His comments parallel what I have been feeling for a long time - that all of this hype over various issues is as much about fund raising as it is about anything else. Most of the mailers I get from Right leaning ministries usually contain something that I should be afraid of. I wrote these thoughts down in a previous blog post: Evangelical Exaggeration.

Schaeffer also talks about being raised fundamentalist, which I resonated with. He gave the example that a person raised fundamentalist doesn't know how to have a normal conversation. Everything you say to someone "unsaved" is just a lead in. You want to get around all this unimportant stuff regarding their life - so that you can give them a tract.
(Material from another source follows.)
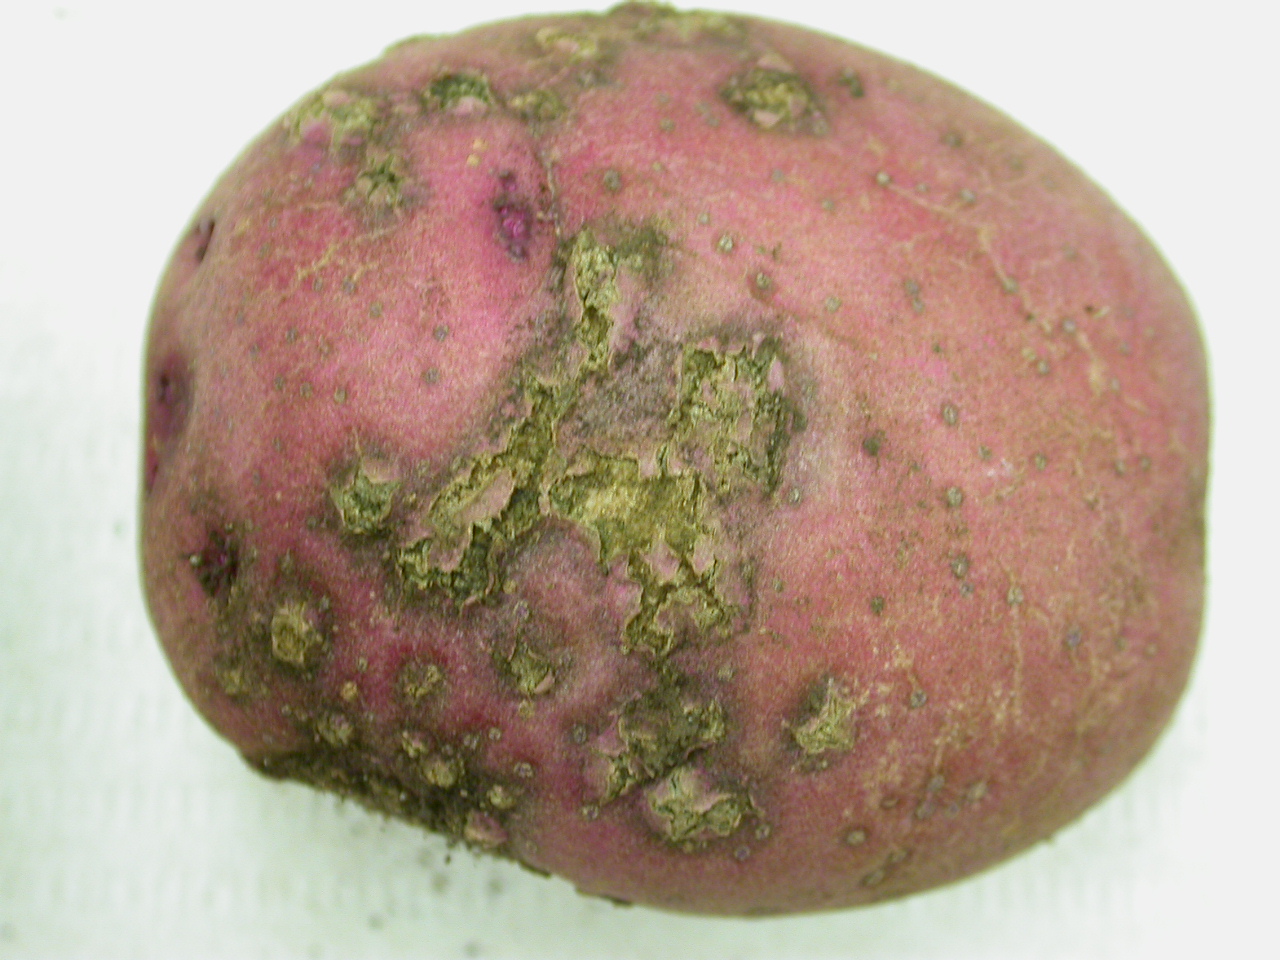 potato with powdery scab

I laughed and cringed when I heard that... so close to home.

You can listen to the NPR interview
here.

8 comments:

Tit for Tat said...

All this reminds me of a great quote.

"If you truly want to test a mans character, give him power"

John Shuck said...

I heard some of that interview today. It was an eye-opener. Thanks for posting on it.

Redlefty said...

Jesus took on very few of the issues of his day -- legal prostitution, oppression of women and religious groups, etc...

He simply served the individuals, without demonizing a group or topic. I love that. Right-wing political movements could learn from it, I hope.

Sherry said...

I read the book, I have heard him interviewed before, but yesterday on Fresh Air was simply amazing. At the end, his thoughts on his dad were so wonderfully touching.

Thanks Andrew.

WES ELLIS said...

That's an interesting quote coming from Schaeffer. I believe that the average conservative Christian is as honest as can be in their politics, their not TRYING to be malicious in their attackes on other people including the gays (but, of course, if they took the time to build relationships with them it would be clear just how malicious they are being). I think they honestly believe that what they are attacking is sin... but their priorities have been mixed up. Part of the art of the religious right is doing just that, mixing up peoples priorities, telling them what the REAL evil in the world is and doing so by playing on peoples emotions, their fears and passions. It's quite deceptive.

I totally relate with your description of "growing up a fundamentalist." That's pretty close to home for me too.

The Metzes said...

Good stuff

societyvs said...

I'd be inetersted in reading Frank Schaeffer - and his views on the Religious Right - sounds very interesting so far (from your blog).

I liked RedLefty's comments - "Jesus took on very few of the issues of his day" - maybe this is a standard we can also adopt?

Logan said...

He simply served the individuals, without demonizing a group or topic. I love that. Right-wing political movements could learn from it, I hope.

I agree, although I think many left-wing political movements could stand to learn the same lesson.